Настало время большого празднества.
…искусство витража в том состоит, чтобы ко всякому узору те стекла отыскать, свойства тайные и норов которых наиболее соответствуют задумке. Каждый малый элемент — лишь часть большого рисунка, а потому даже если один из многих сотен выбран и сделан неверно, то испорчен будет весь витраж…
Мэтр Аттонио, «Об искусствах прикладных»
Когда мясной бульон готов, то смело кидай туда репу тертую, морковь, лук и сельдерей, и пусть еще покипит. А после для запаху добавишь тимьяна сухого и шалфея. В отдельной мисочке разотри чесночку, кхарнского перчика, который красный и тонкий, смешай с топленым жиром и, как похлебка уже почти и дойдет, плесни, закрой крышкой да оставь на малом огне томиться.
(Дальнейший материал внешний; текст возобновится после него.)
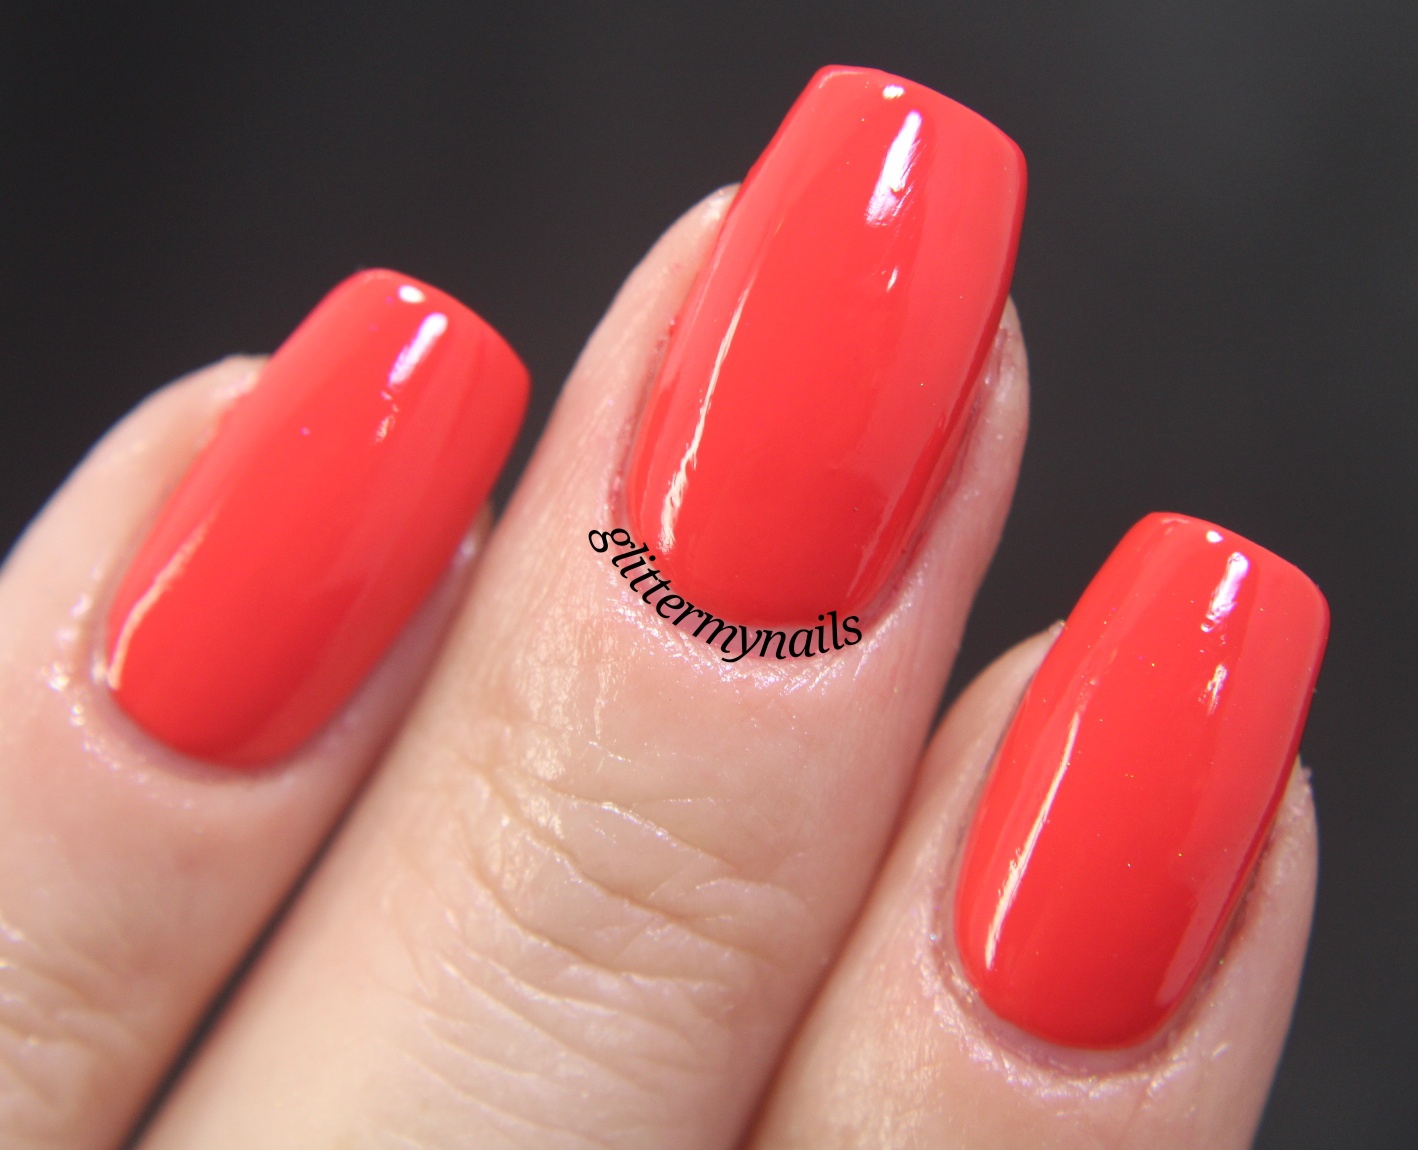 2. Essie Gel Couture in "Sizzling Hot" - wide 8

Из рецептов старухи Гарры, поварихи трактира «У городских ворот»
Белое и черное, черное и белое сливаются в объятьях, пожирая друг другая. Белые клубы цветущего подмаренника, белые кисти донника духмяного, белые крылья аистов и белая известь на подпаленных яблонях. Черные стволы и черный зев земли, черная сажа и черные бревна. И снова белое — руки, которые бревна раскатывают, рубят, стесывая черноту до сухой костяной белизны. И снова черное — оседает стесанное на коже, въедается загаром. Рука дающая, рука берущая. Одна наделяет, другая отбирает. Где щедро, там и больно.
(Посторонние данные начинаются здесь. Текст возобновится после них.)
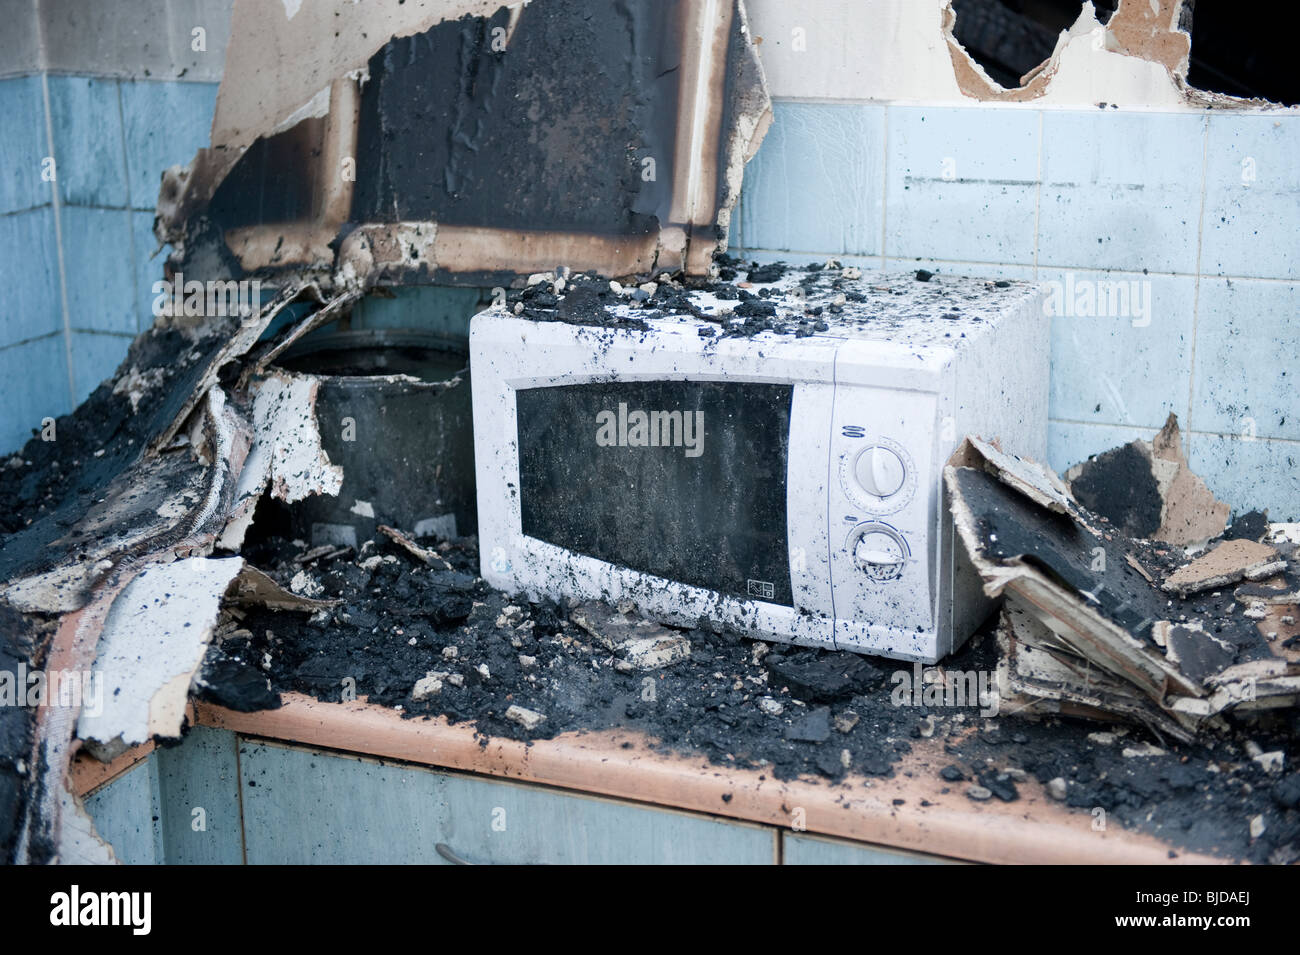 Melted microwave oven following kitchen fire Stock Photo

Топор с хрустом вошел в свежий сосновый ствол, застрял, а когда вылез, за ним тянулись тонкие смоляные ниточки. Плачет дерево свежей хвоей, янтарной живицей, скрипит, пощады просит. Но все просят, а никого не щадят. И Бельт нанес второй удар, третий, четвертый, полностью сосредоточившись на том, чтобы бить. И ненавидеть. Хотя бы сосну. И та, не устояв, протяжно застонала, хрустнула внутри, переламываясь, и начала медленно заваливаться набок.
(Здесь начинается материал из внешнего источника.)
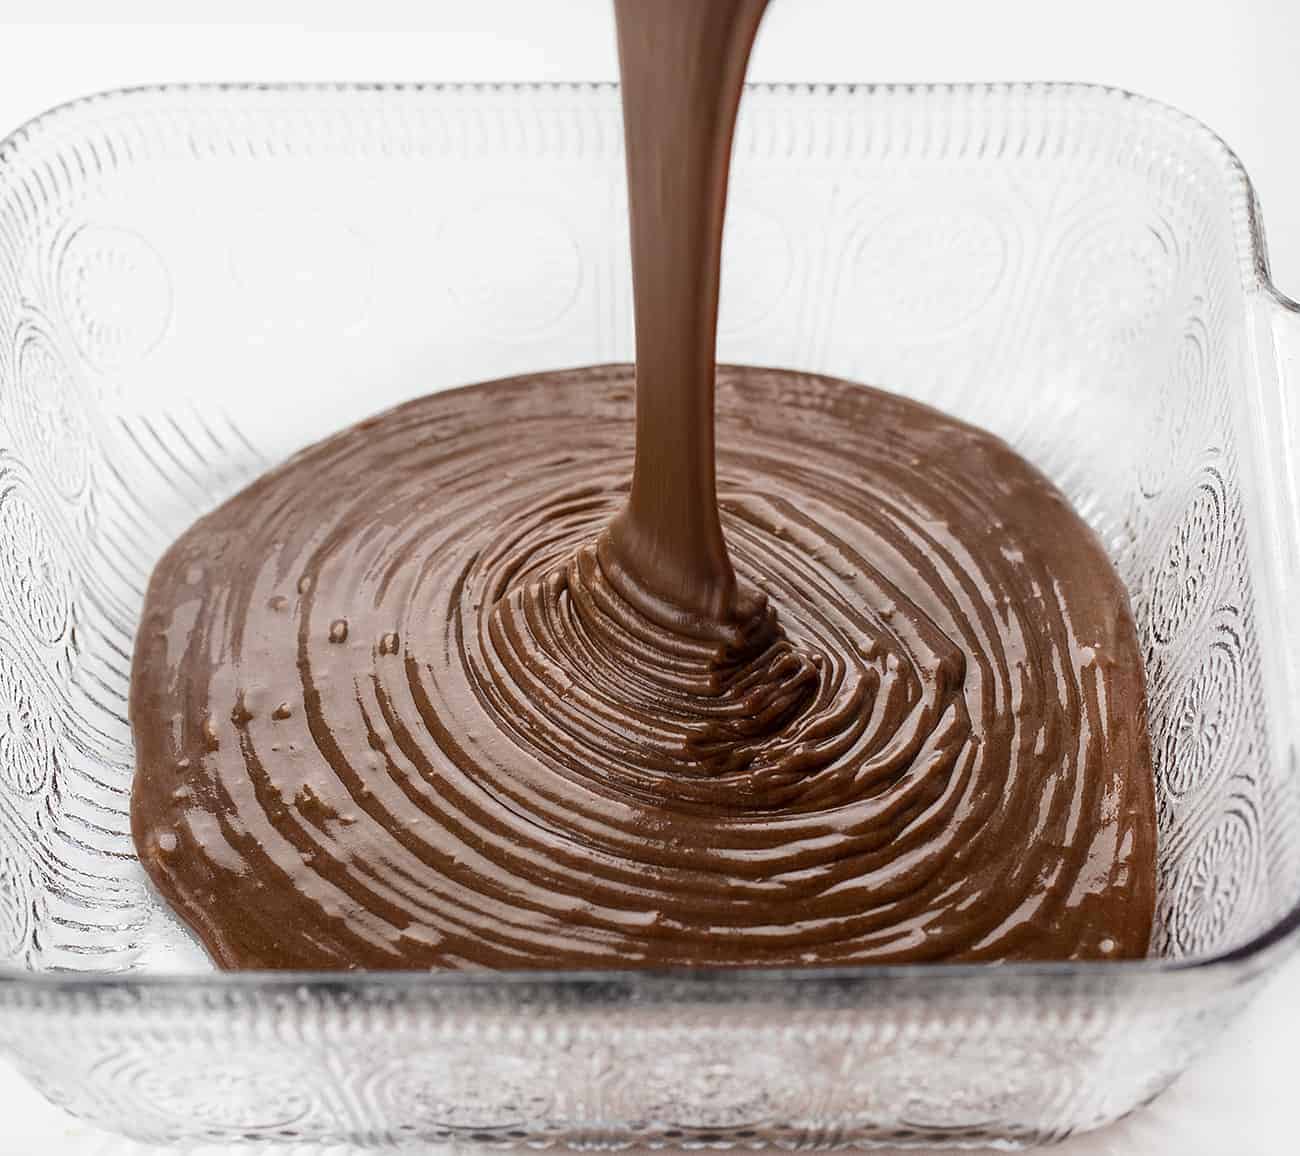 Pouring Chocolate Depression Cake Batter into Pan

— Поберегись! — запоздало крикнул Бельт.
Лес валили третий день кряду, стесывая прямо на месте крупные и мелкие сучья: первые рубили на круглые чурочки, вторые в широких корзинах таскали в подпол — зимой все сгодится. Хлысты волокли по полю, оставляя в земле глубокие рытвины. А уже в Стошено работали дальше, распиливая, скатывая, складывая, худо-бедно восстанавливая то, что еще можно было восстановить. Эта работа, нежданная и, по словам Ирджина, ненужная — отчего-то кам был уверен в скором отъезде — позволяла отрешаться от прочего. От собственных мыслей о белом, черном и справедливости, по которой если кого и наказывать, то виновного Бельта, но не невинную, непричастную даже Ласку. От вежливого Ирджина, с его успокоительными разговорами. От Орина, который теперь менялся стремительно, день ото дня преображаясь в того, другого, виденного Бельтом однажды. И сходство, поначалу слабое, крепло. Иной стала походка и сама манера держаться, былая плавность движений сменилась ломкой нервозностью, жестче стала речь, резче взгляд. Теперь его и вправду можно было принять за наир. За сына Тай-Ы, ясноокого тегина и светлейшего князя Ырхыза.
В лицо брызнуло мелкой щепой…
…и водой. Вода холодная. А земля теплая, ласкает босые ступни. От луга тянет запахом вяленой травы — вчера косили, от ведра — липовым цветом и мелиссой.
Зарна блаженно зажмурилась, вдыхая аромат, потом, подняв ведро, решительно перевернула над головою. Холодно!
Жарко! Разом по телу, от макушки до пяточек, кожа мелкой зыбью покрылась, рубаха к телу прилипла неприличественно, косы к спине приклеились. Но ведь хорошо-то! И полезно: Зарнина бабка до самой смерти своей — а пережила старуха и троих мужей, и четырех зятьев — водой колодезной обливалась, так и горя не знала.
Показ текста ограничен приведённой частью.